▸ Task objective: Leaving out the pictures, return word for word the stretch of entries below from the line holding "October 2022 Lunar" through the line holding "Mercury MCY1200DF Dual".

▸ Material provided:
******
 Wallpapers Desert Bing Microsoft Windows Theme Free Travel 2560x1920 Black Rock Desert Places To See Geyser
******
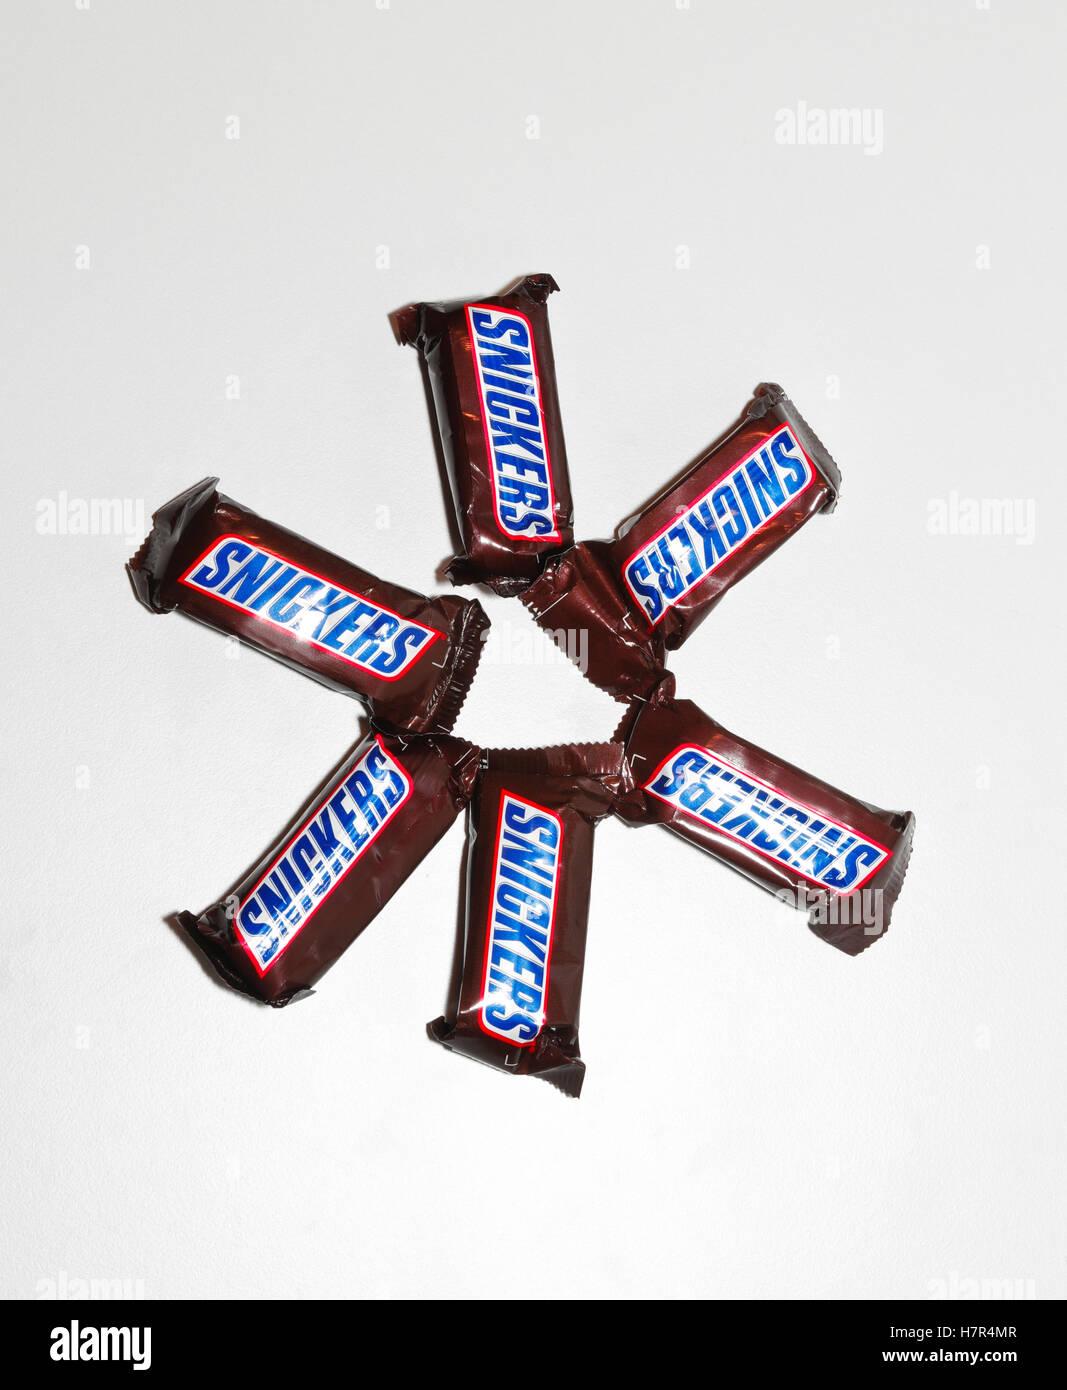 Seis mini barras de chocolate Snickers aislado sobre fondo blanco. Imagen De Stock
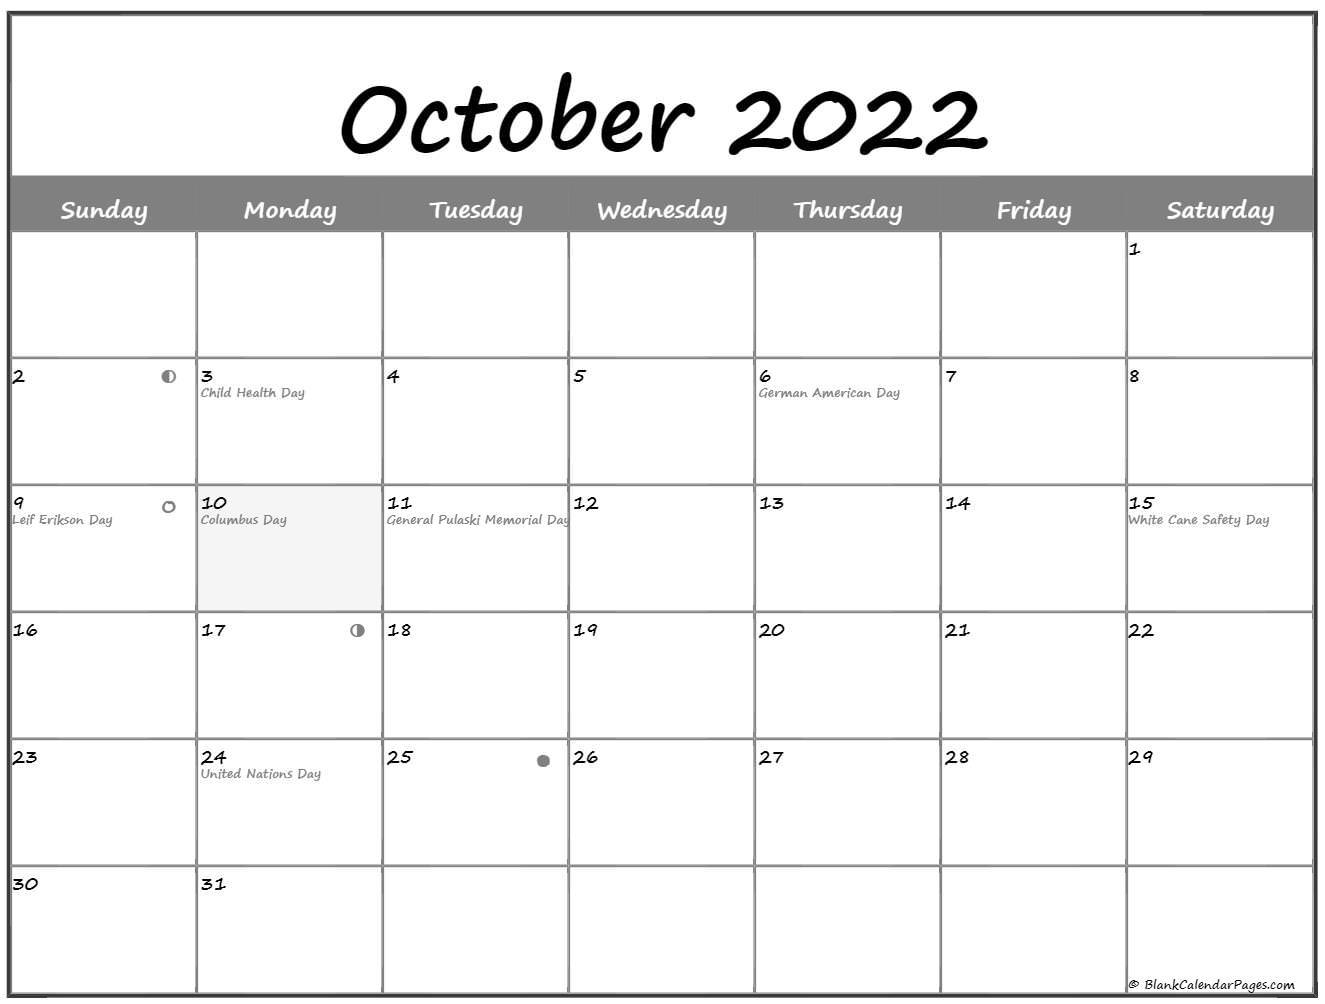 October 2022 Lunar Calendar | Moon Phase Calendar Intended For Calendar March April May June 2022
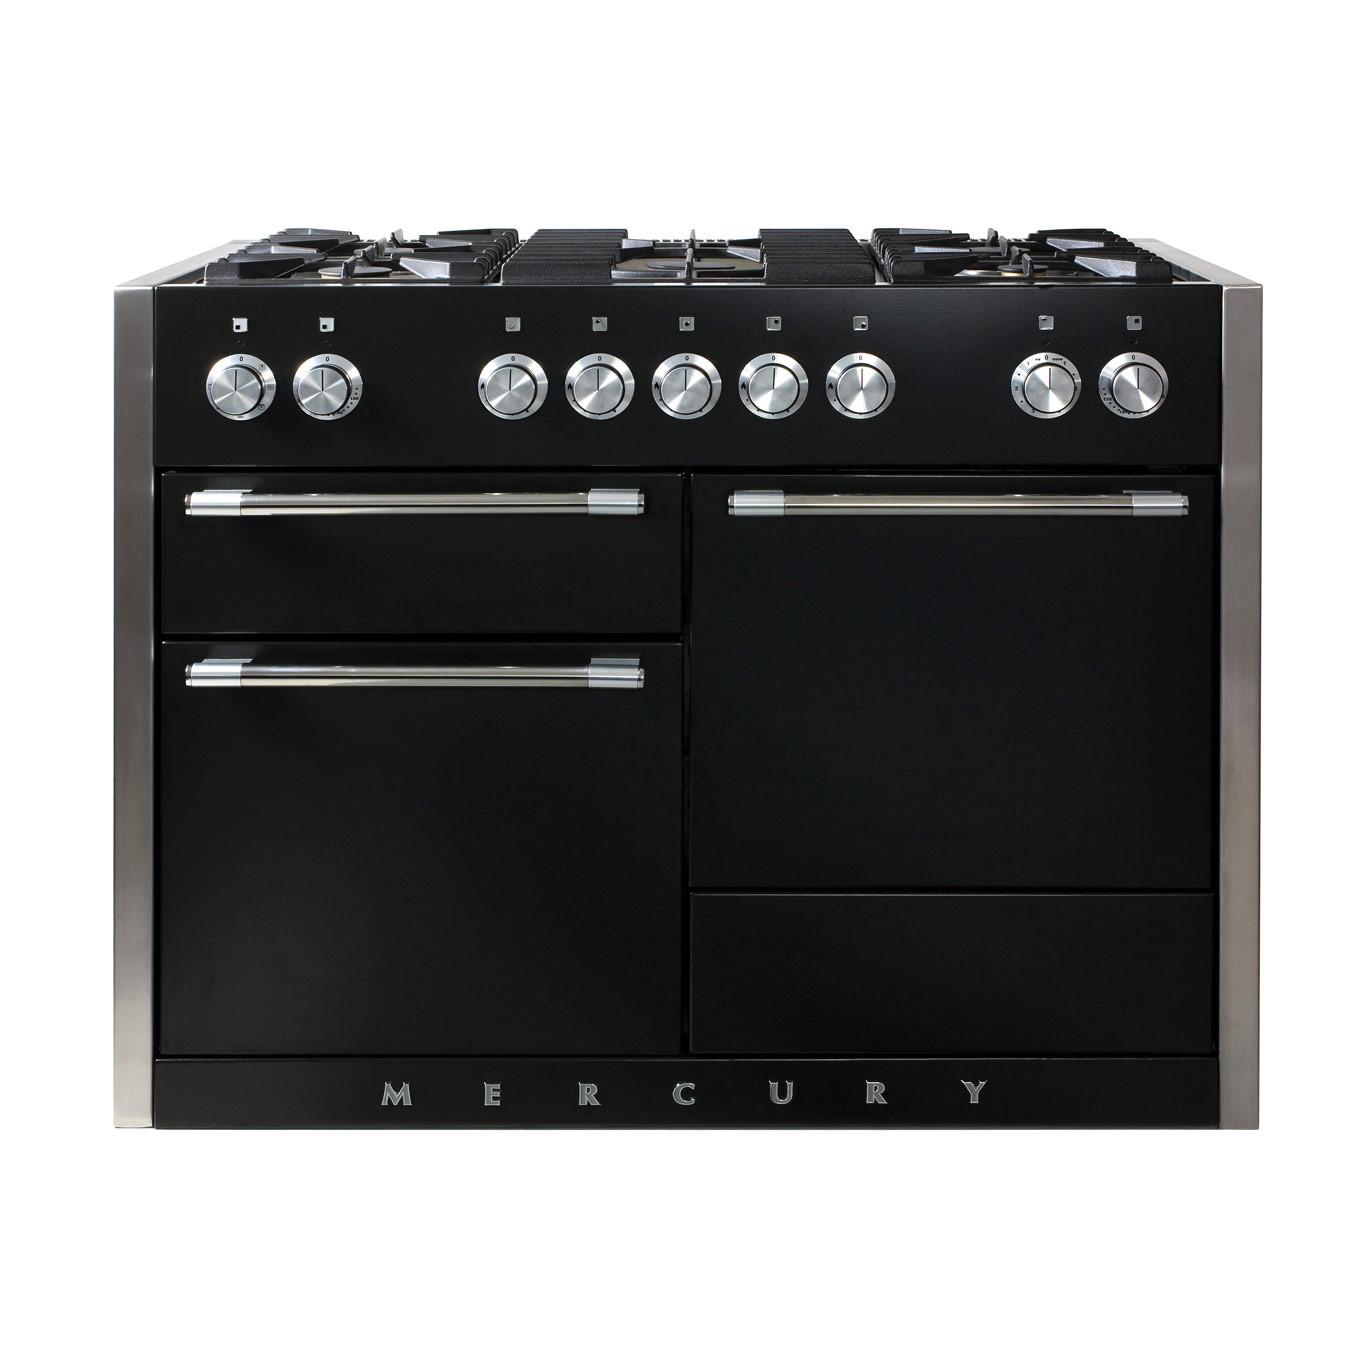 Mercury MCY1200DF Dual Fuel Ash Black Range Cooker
******
▸ Finished task:
 October 2022 Lunar Calendar | Moon Phase Calendar Intended For Calendar March April May June 2022
 Mercury MCY1200DF Dual Fuel Ash Black Range Cooker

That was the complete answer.